Hence i tried to look into frame 10:
frame 10
(gdb) frame 10
#10 0x00007f3354341204 in FactPatternMatch (theEnv=theEnv#entry=0x7f339c6e0970, theFact=0x7f333a05b2c0, patternPtr=0x7f33380e3ab0 , offset=offset#entry=5, markers=0x7f3339cd4d10, endMark=endMark#entry=0x7f3339cd4d10)

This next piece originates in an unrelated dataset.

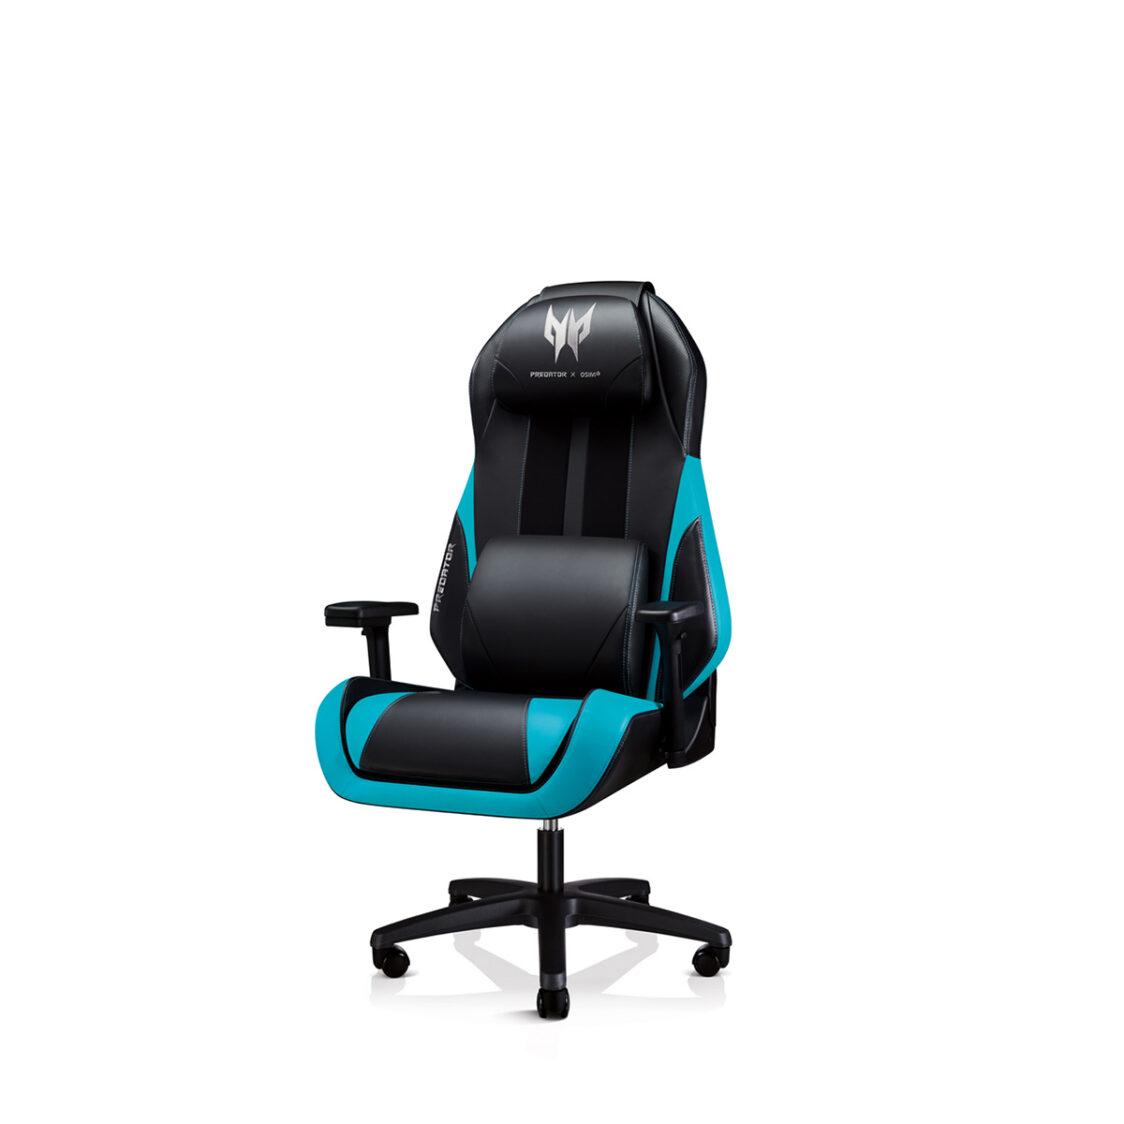 OSIM x Predator Gaming Chair Blue
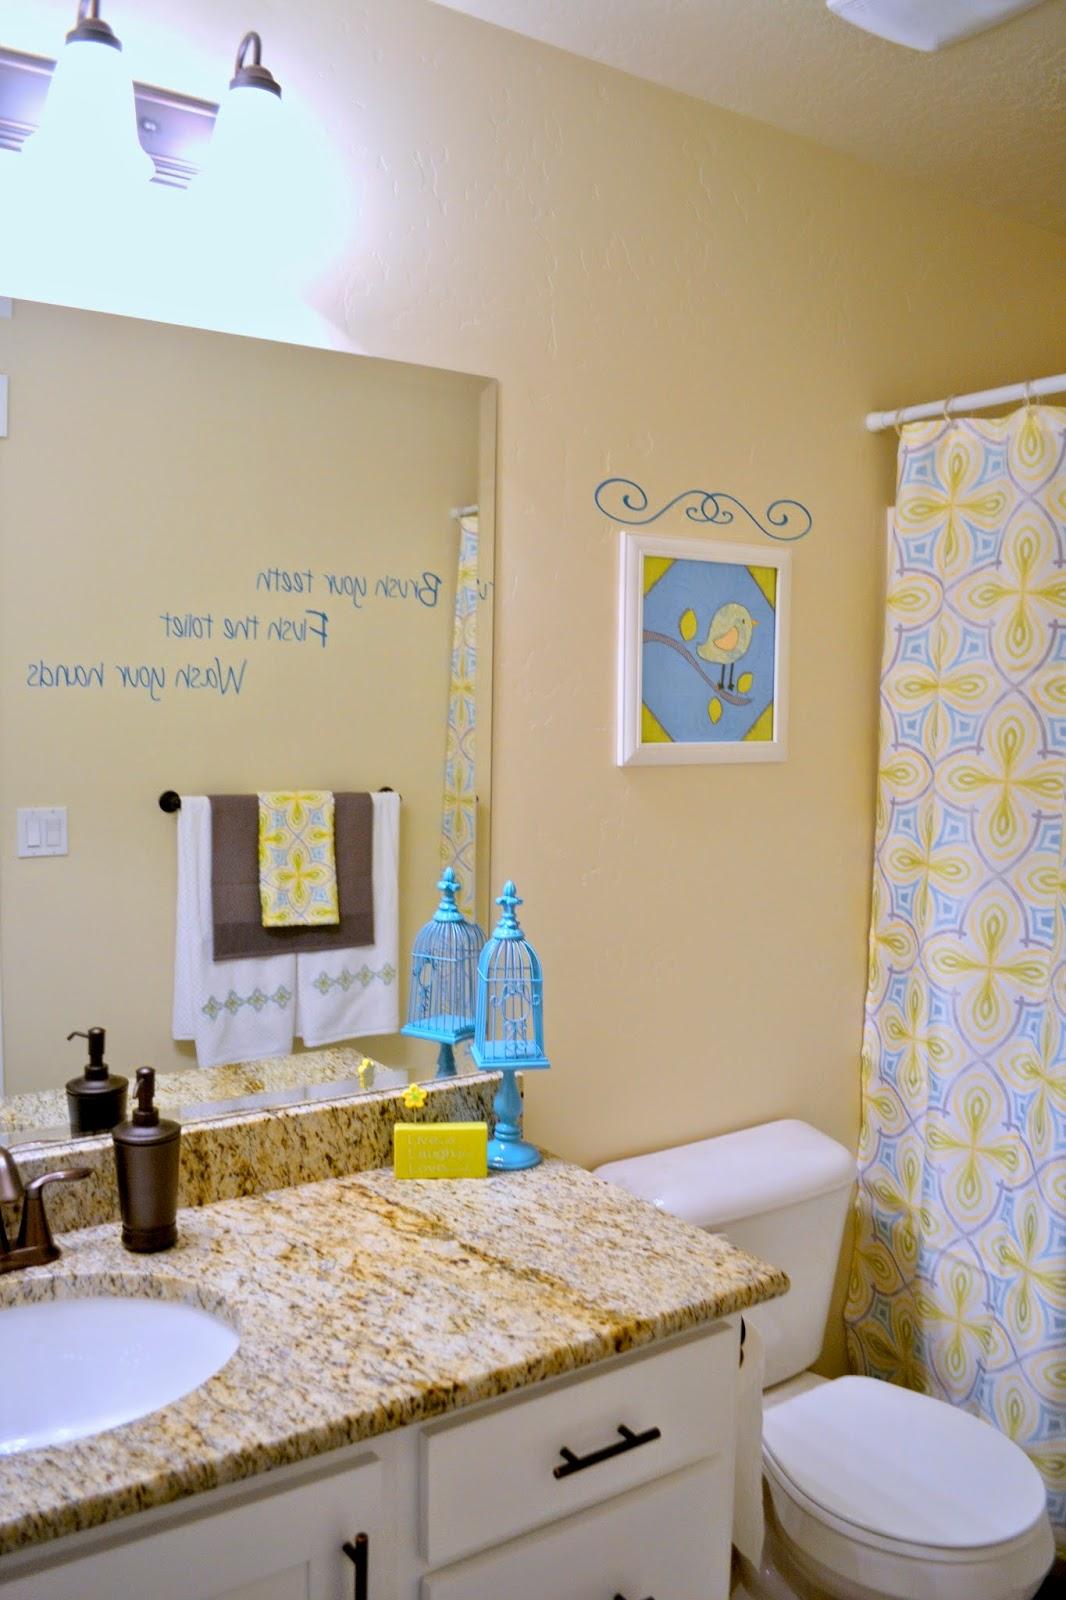 5x7 bathroom design small full bathroom plan small for Bathroom 5x7 design

at /usr/src/debug/clips-6.30.0-0.25.20090722svn.fc35.x86_64/clips/factmch.c:243
243! { ProcessMultifieldNode(theEnv,patternPtr,markers,endMark,0); }
// look at the content of patternPtr=0x7f33380e3ab0
(gdb) p (factPatternNode) *0x7f33380e3ab0
$62 = {header = {firstHash = 0x7f3339018780, lastHash = 0x7f33399c8ac0, entryJoin = 0x7f33380e3b20, rightHash = 0x7f3338099a30, singlefieldNode = 0, multifieldNode = 1, stopNode = 1, initialize = 0, marked = 0, beginSlot = 0,
endSlot = 1, selector = 0}, bsaveID = 0, whichField = 4, whichSlot = 5, leaveFields = 0, networkTest = 0x0, nextLevel = 0x0, lastLevel = 0x7f33380e3a10, leftNode = 0x0, rightNode = 0x0}
// look at the content of entryJoin = 0x7f33380e3b20 and follow the join links
(gdb) p (joinNode) *0x7f33380e3b20
$63 = {firstJoin = 0, logicalJoin = 0, joinFromTheRight = 0, patternIsNegated = 0, patternIsExists = 0, initialize = 0, marked = 0, rhsType = 1, depth = 3, bsaveID = 0, memoryAdds = 4299, memoryDeletes = 4167, memoryCompares = 5006,
leftMemory = 0x7f33380b3d60, rightMemory = 0x0, networkTest = 0x7f33380e3c40, secondaryNetworkTest = 0x0, leftHash = 0x7f339c7f3b40, rightHash = 0x0, rightSideEntryStructure = 0x7f33380e3ab0, nextLinks = 0x7f33380b4ba0,
lastLevel = 0x7f33380e29d0, rightMatchNode = 0x0, ruleToActivate = 0x0}
(gdb) p (joinLink) *0x7f33380b4ba0
$64 = {enterDirection = 0 '\000', join = 0x7f33380e3cf0, next = 0x0, bsaveID = 0}
(gdb) p (joinNode) *0x7f33380e3cf0
$65 = {firstJoin = 0, logicalJoin = 0, joinFromTheRight = 0, patternIsNegated = 0, patternIsExists = 0, initialize = 0, marked = 0, rhsType = 1, depth = 4, bsaveID = 0, memoryAdds = 0, memoryDeletes = 0, memoryCompares = 0,
leftMemory = 0x7f33380b4bd0, rightMemory = 0x0, networkTest = 0x7f33380b92e0, secondaryNetworkTest = 0x0, leftHash = 0x7f33380b4990, rightHash = 0x0, rightSideEntryStructure = 0x7f33380e3210, nextLinks = 0x7f33380b47e0,
lastLevel = 0x7f33380e3b20, rightMatchNode = 0x7f33380e32b0, ruleToActivate = 0x0}
(gdb) p (joinLink) *0x7f33380b47e0
$66 = {enterDirection = 0 '\000', join = 0x7f33380e3e10, next = 0x0, bsaveID = 0}
(gdb) p (joinNode) *0x7f33380e3e10
$67 = {firstJoin = 0, logicalJoin = 0, joinFromTheRight = 0, patternIsNegated = 0, patternIsExists = 0, initialize = 0, marked = 0, rhsType = 0, depth = 5, bsaveID = 0, memoryAdds = 0, memoryDeletes = 0, memoryCompares = 0,
leftMemory = 0x7f33380b72a0, rightMemory = 0x0, networkTest = 0x0, secondaryNetworkTest = 0x0, leftHash = 0x0, rightHash = 0x0, rightSideEntryStructure = 0x0, nextLinks = 0x0, lastLevel = 0x7f33380e3cf0, rightMatchNode = 0x0,
ruleToActivate = 0x7f33380e3ec0}
// We are at the end, this should be the rule which is checked for activation?!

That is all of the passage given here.